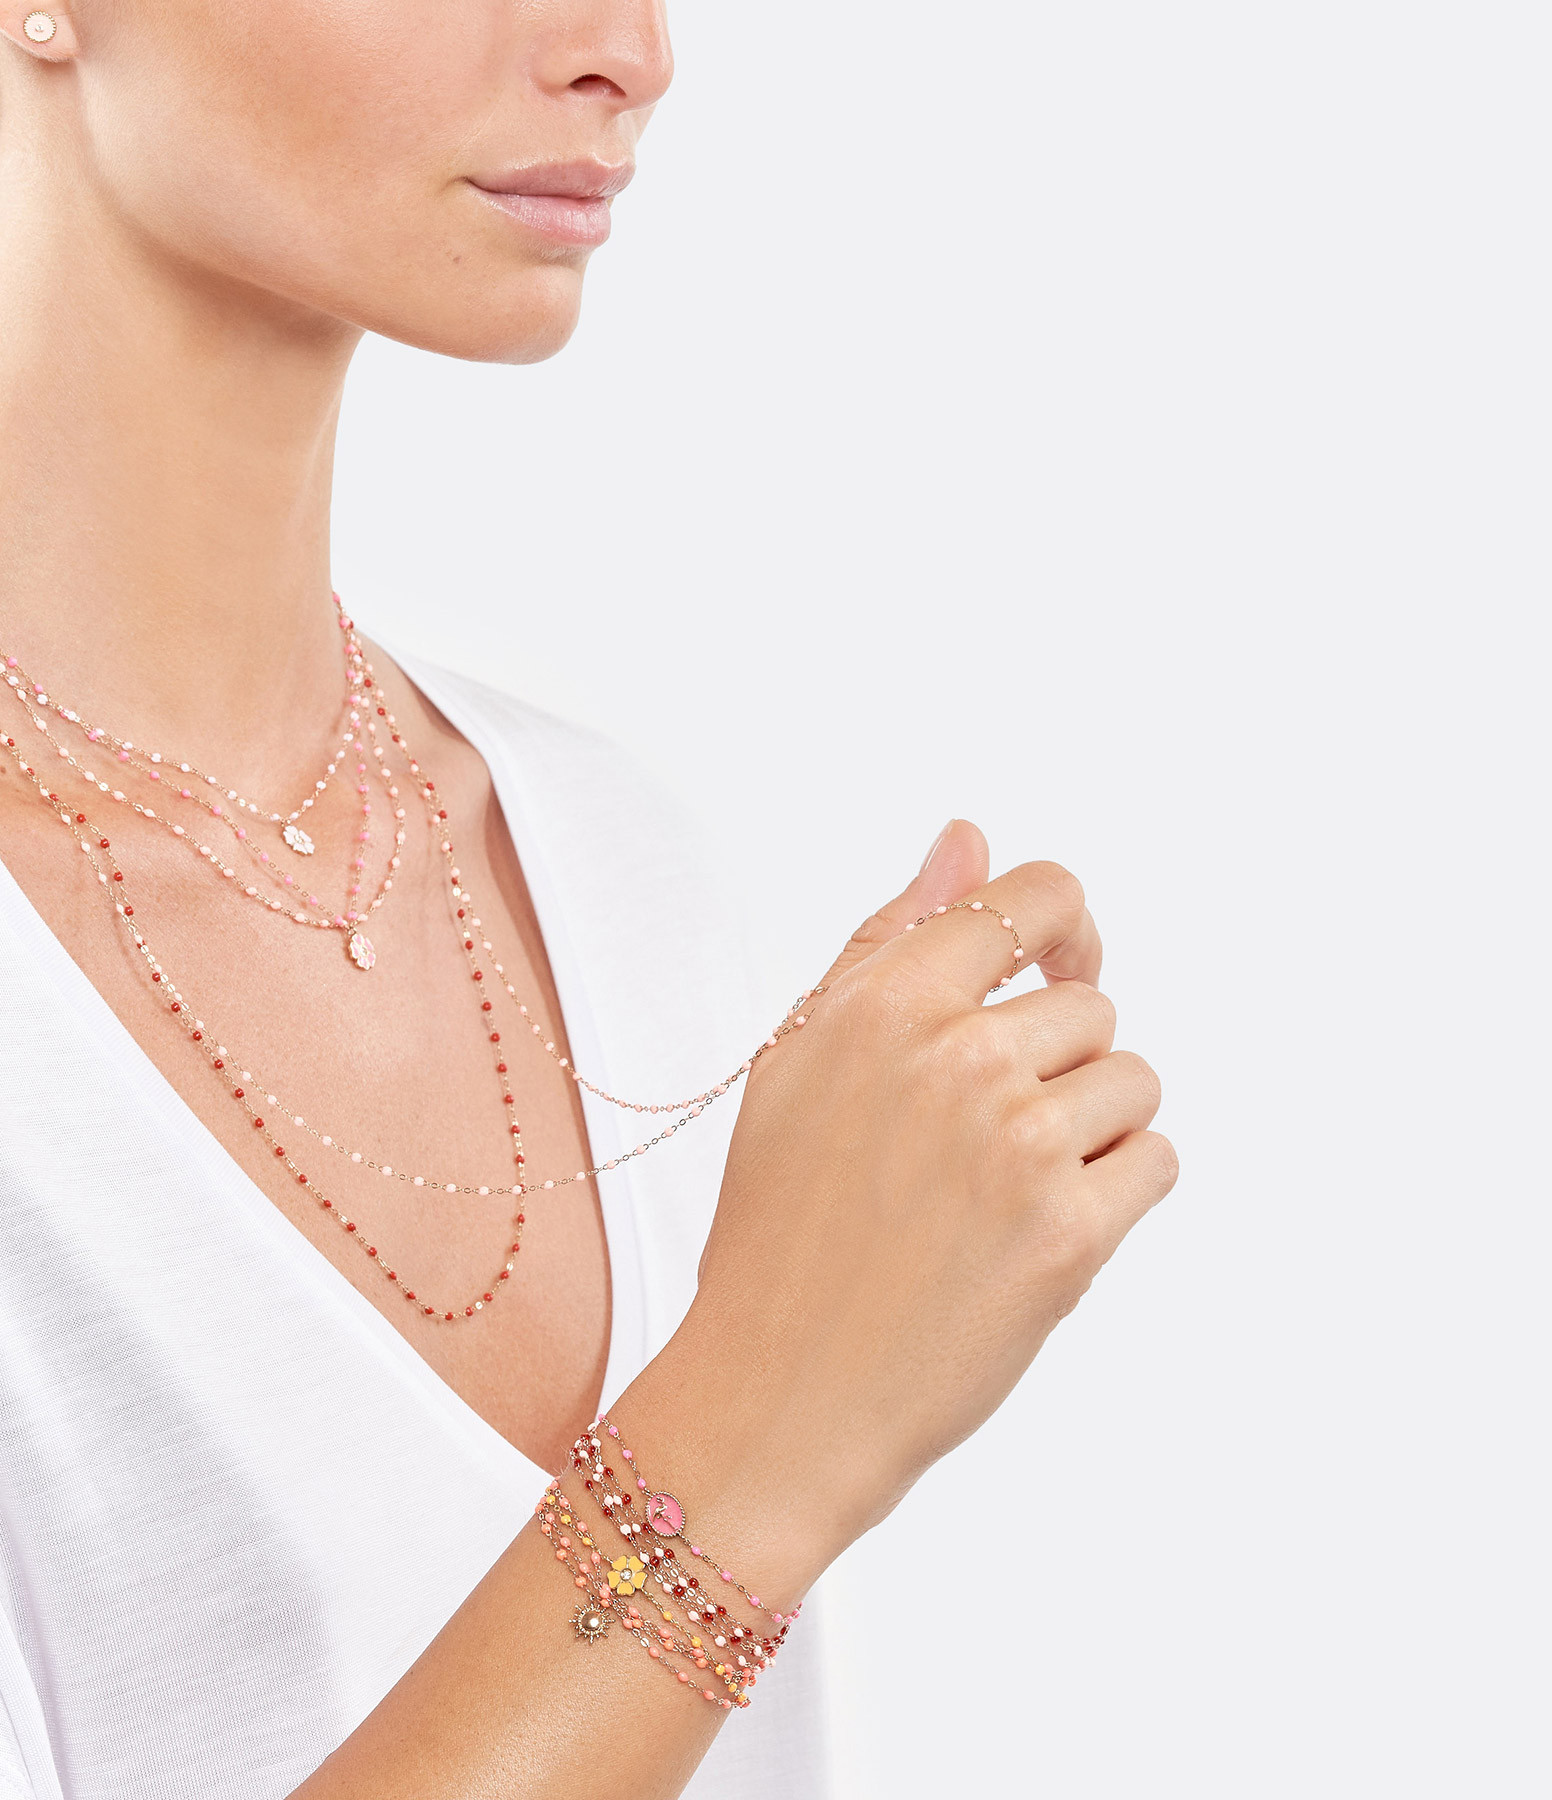 GIGI CLOZEAU - Bracelet Flamant Rose Perles Résine OG Rose Fluo
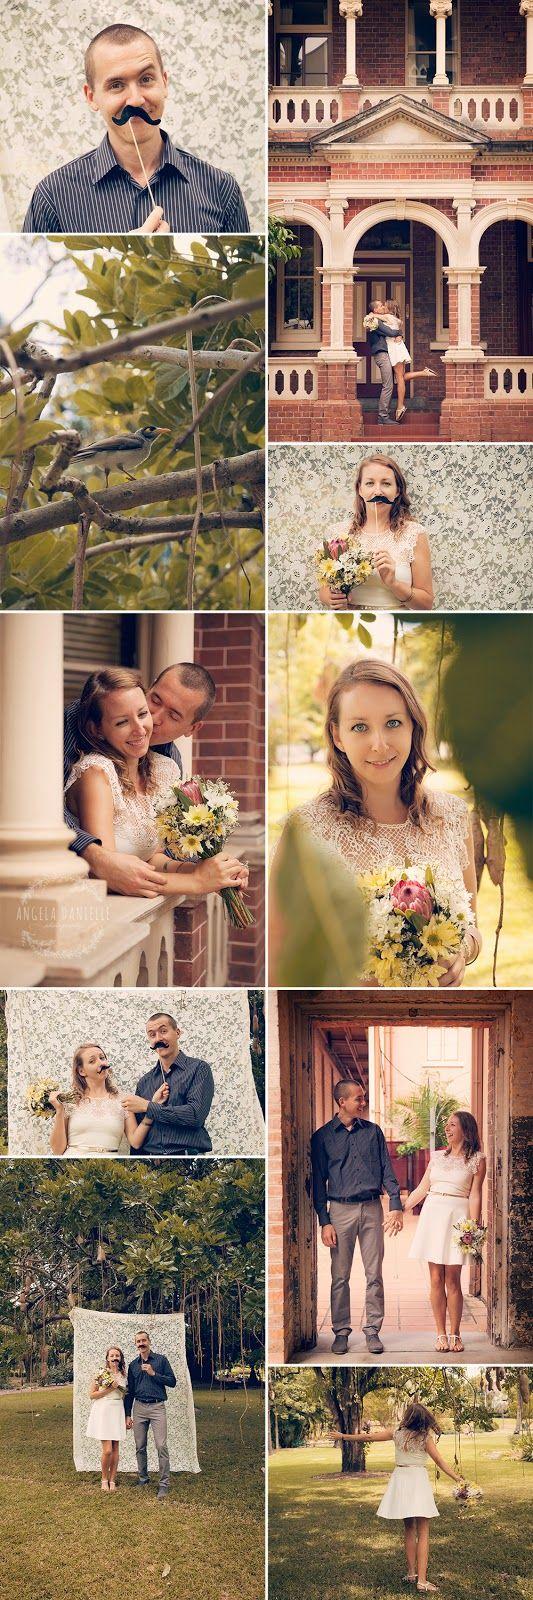 Elopement & Portrait photographer Brisbane www.angeladanielle.com.au
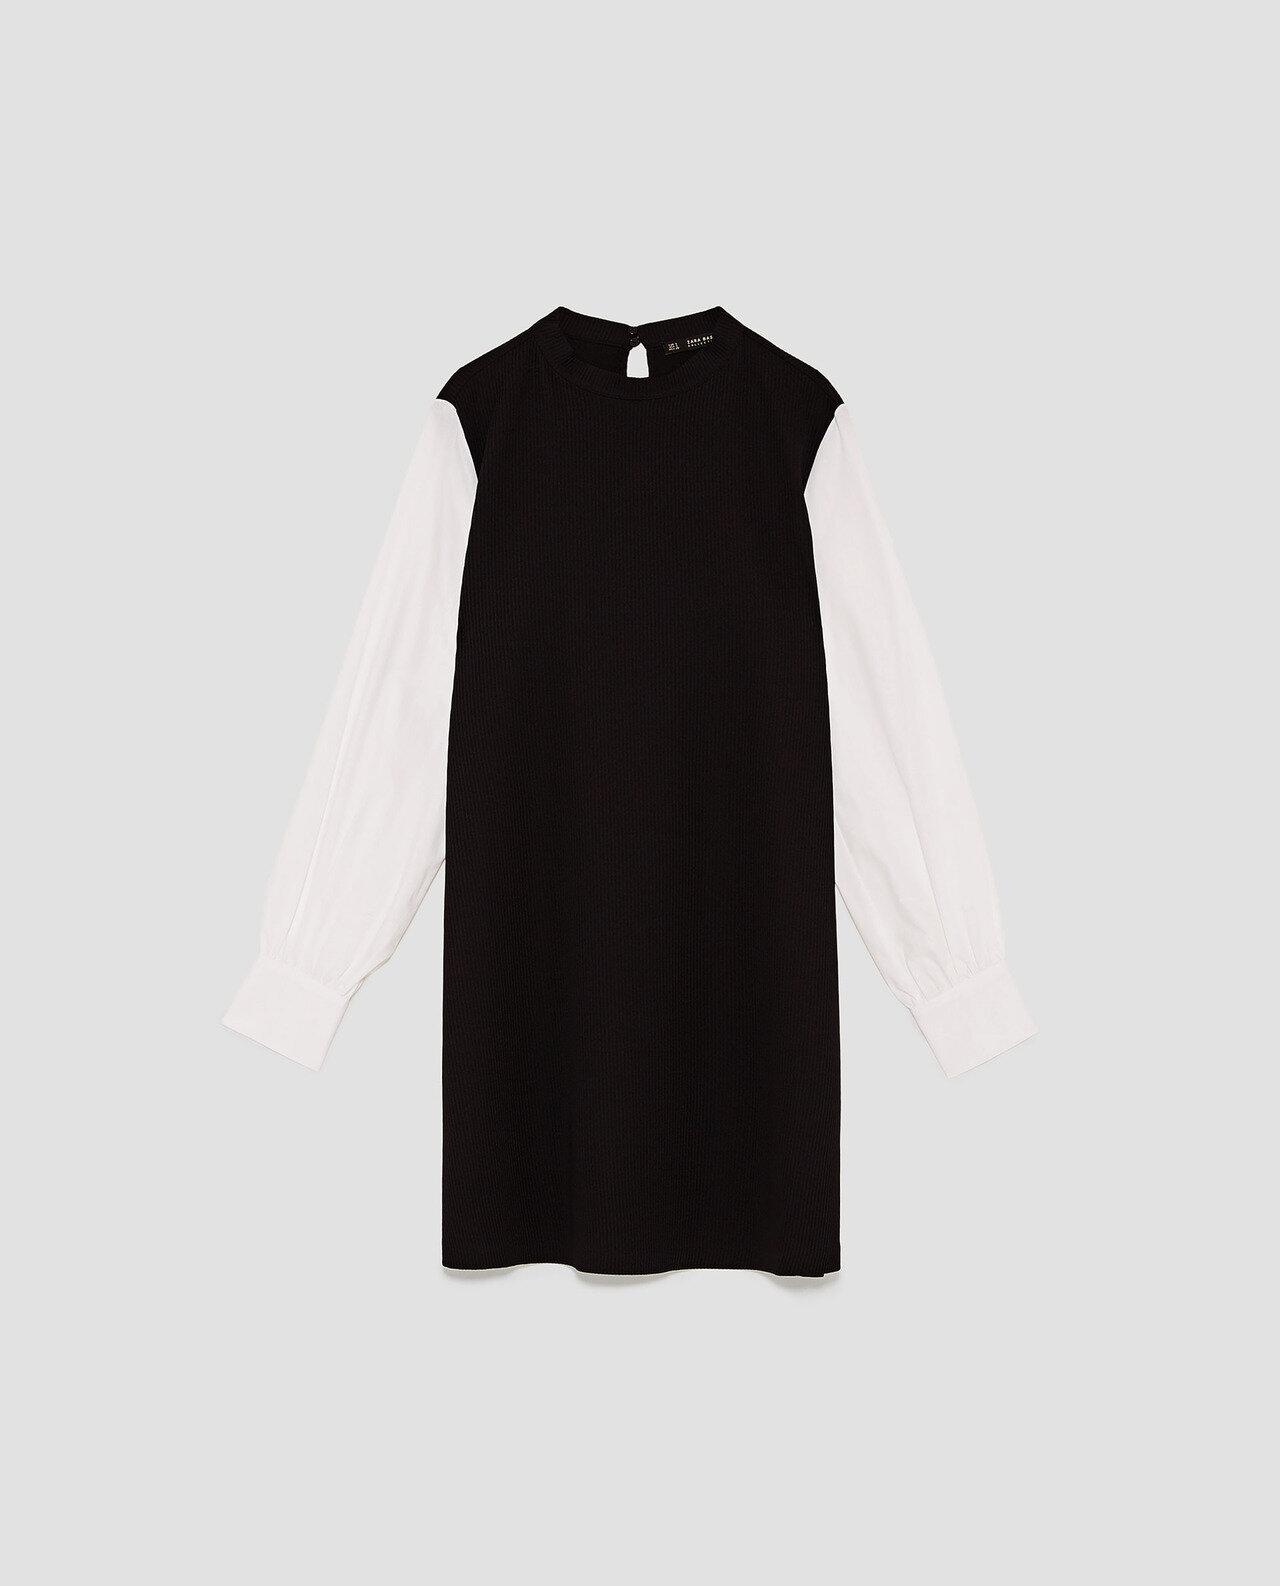 Zara Dress with Contrasting Sleeves.jpg

···

→ **Required action**
Give back the full listing above word for word, and let no picture through.

→ **Exercise result**
 GIGI CLOZEAU - Bracelet Flamant Rose Perles Résine OG Rose Fluo
 Elopement & Portrait photographer Brisbane www.angeladanielle.com.au
 Zara Dress with Contrasting Sleeves.jpg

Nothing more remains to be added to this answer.